Work to complete:
All lines from the one containing "5 Inspiring Roald Dahl Quotes - Infographic" through the last line of the listing below are to be copied exactly. Exclude the pictures.

Stored data:
----------------
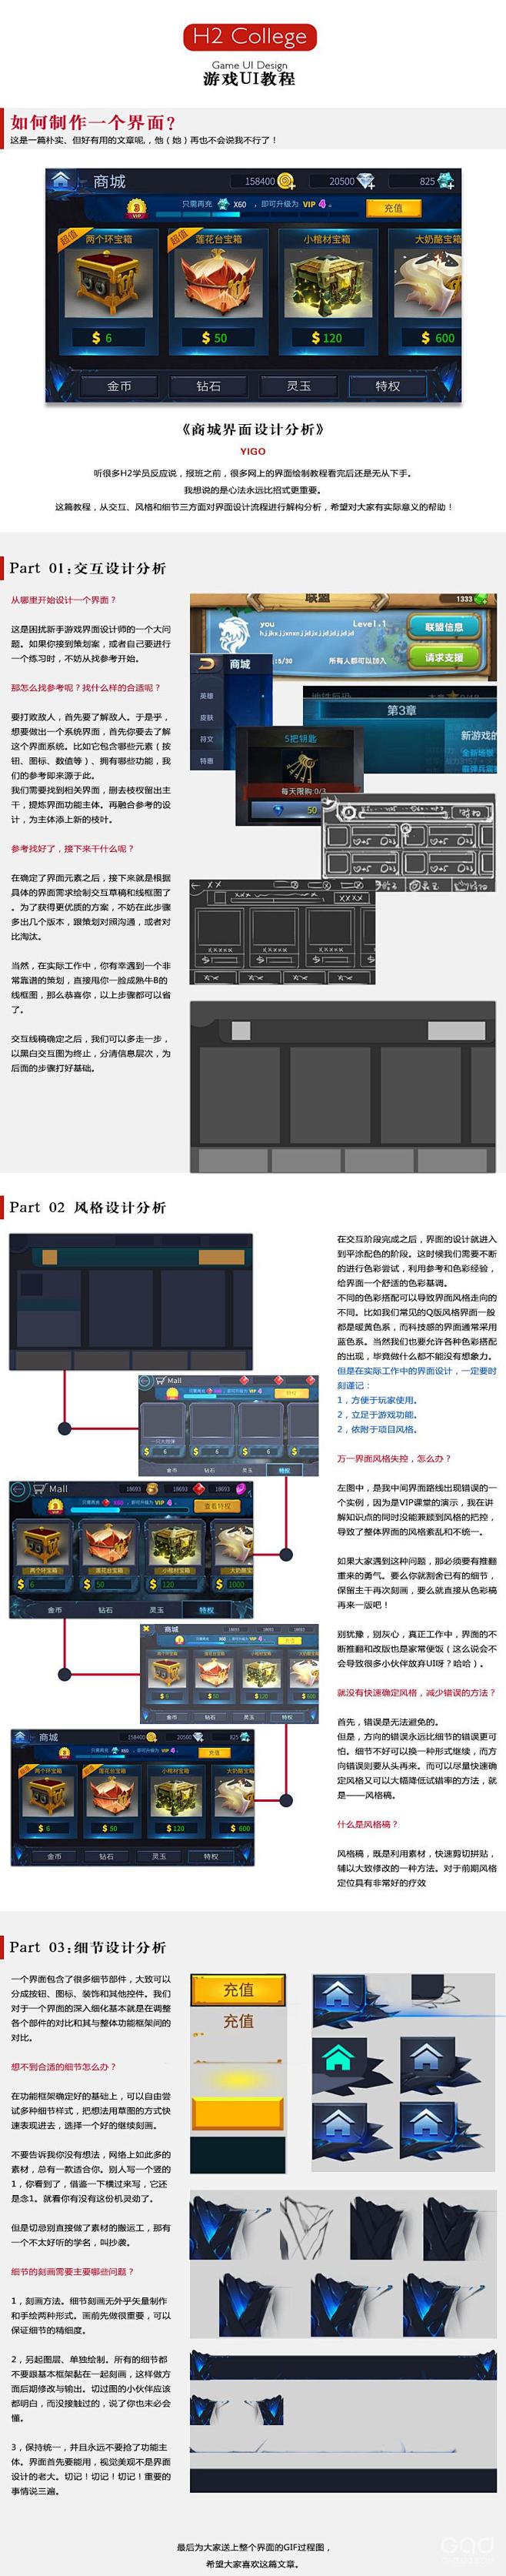 【H2学院】游戏美术-UI篇商城界面设计...
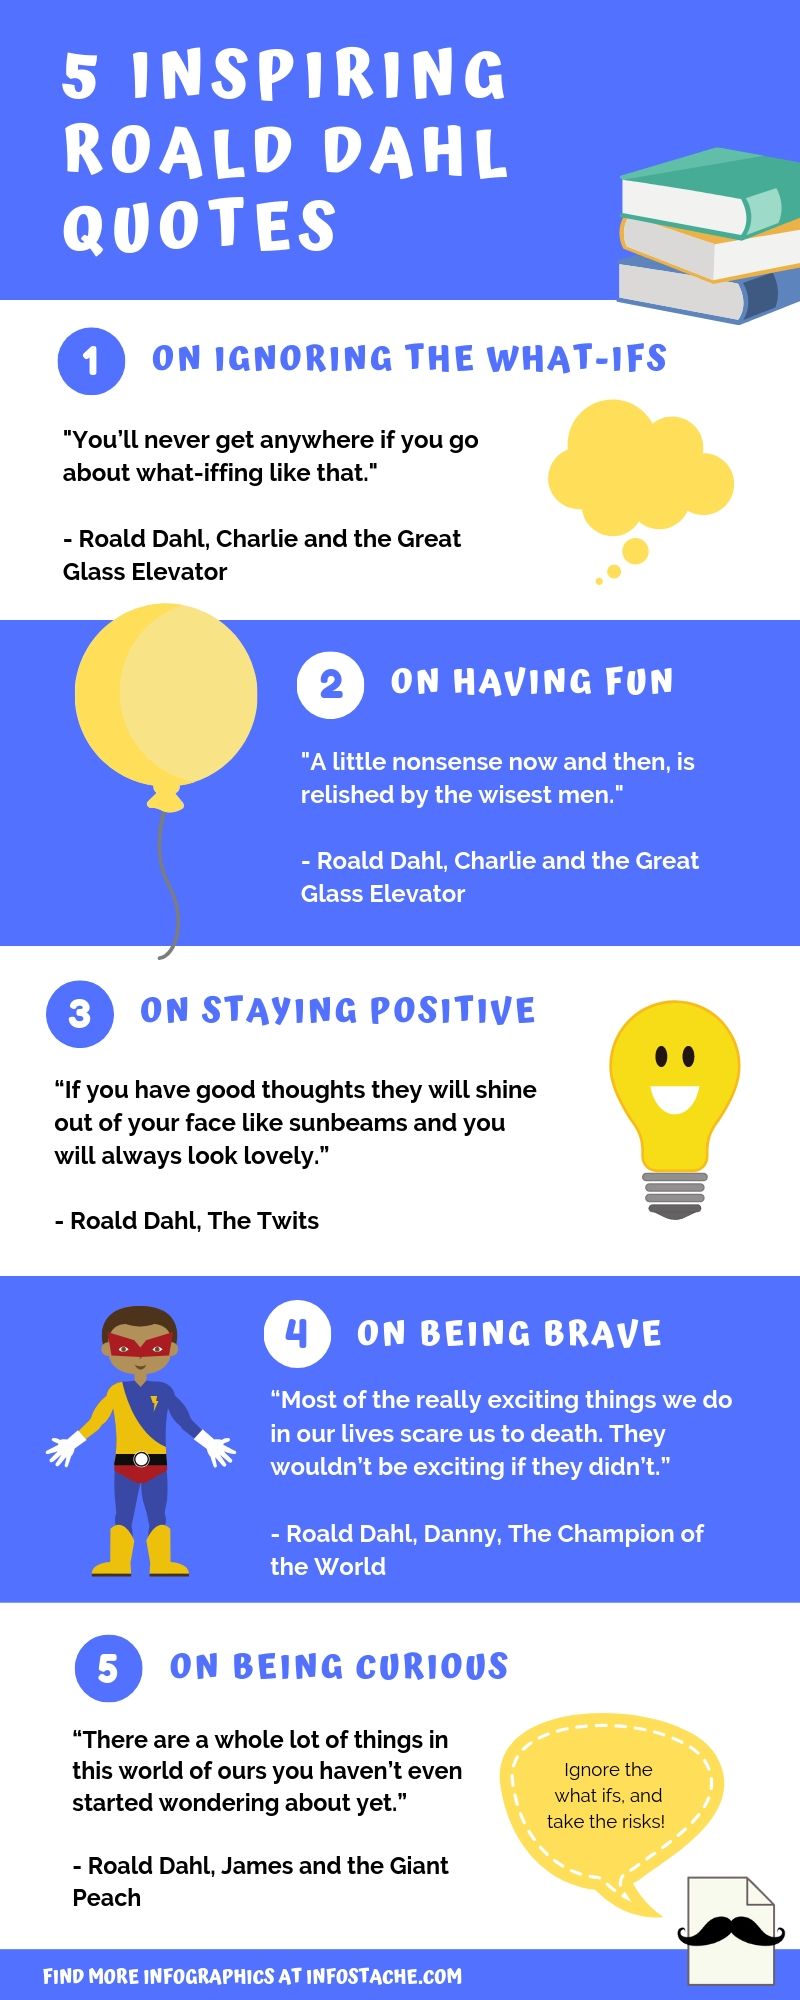 5 Inspiring Roald Dahl Quotes - Infographic
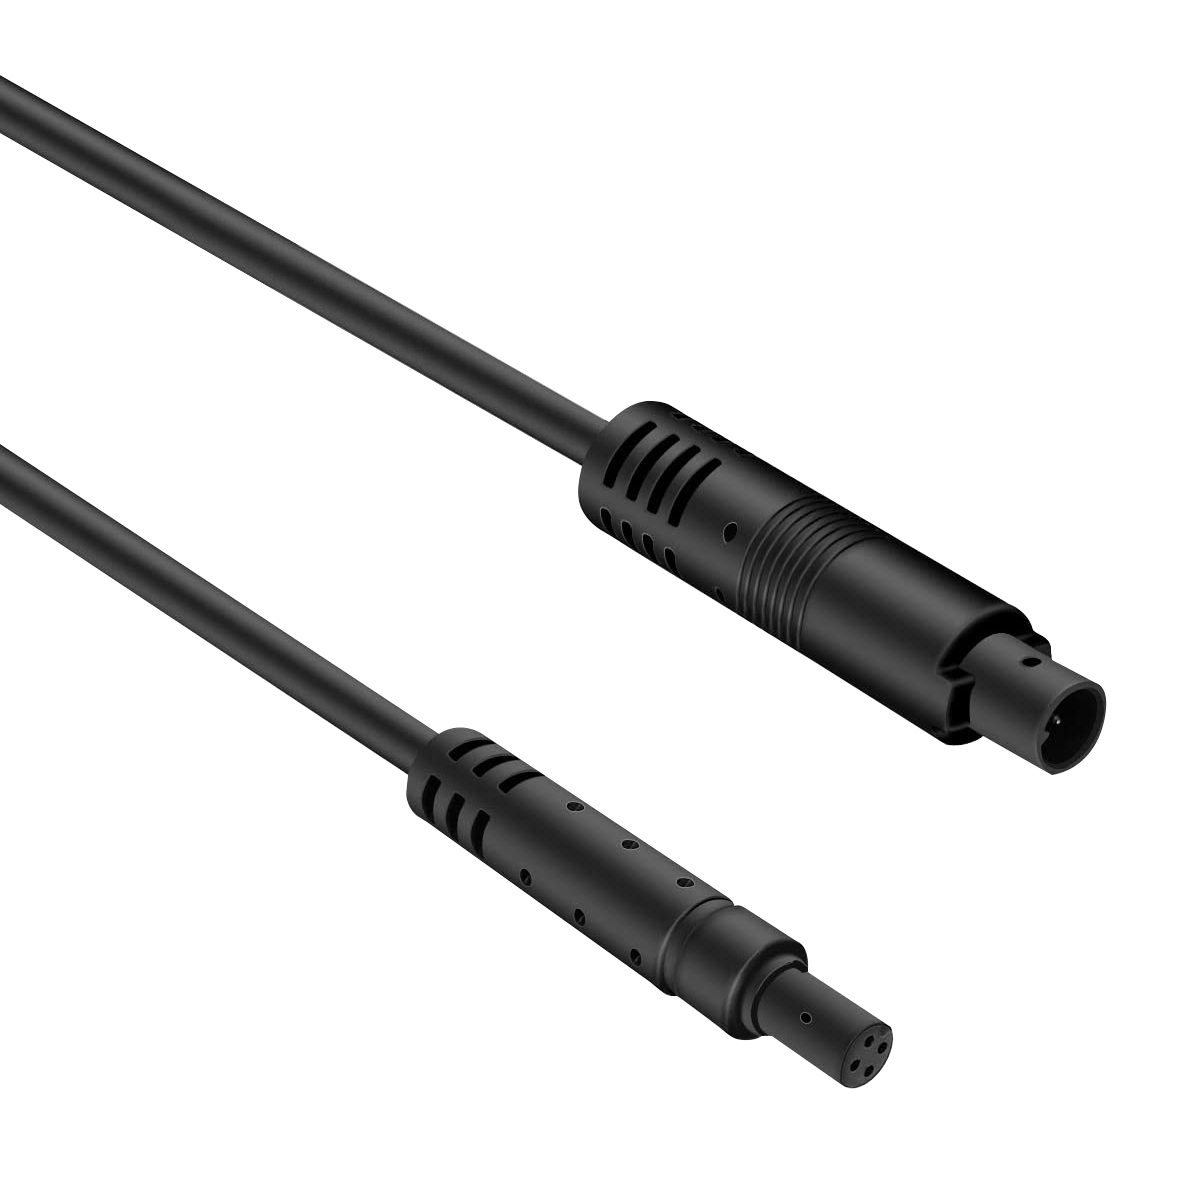 ApaxQ [CBL30] Car camera extension cable 4 pin 3M
----------------
Reply to the exercise:
 5 Inspiring Roald Dahl Quotes - Infographic
 ApaxQ [CBL30] Car camera extension cable 4 pin 3M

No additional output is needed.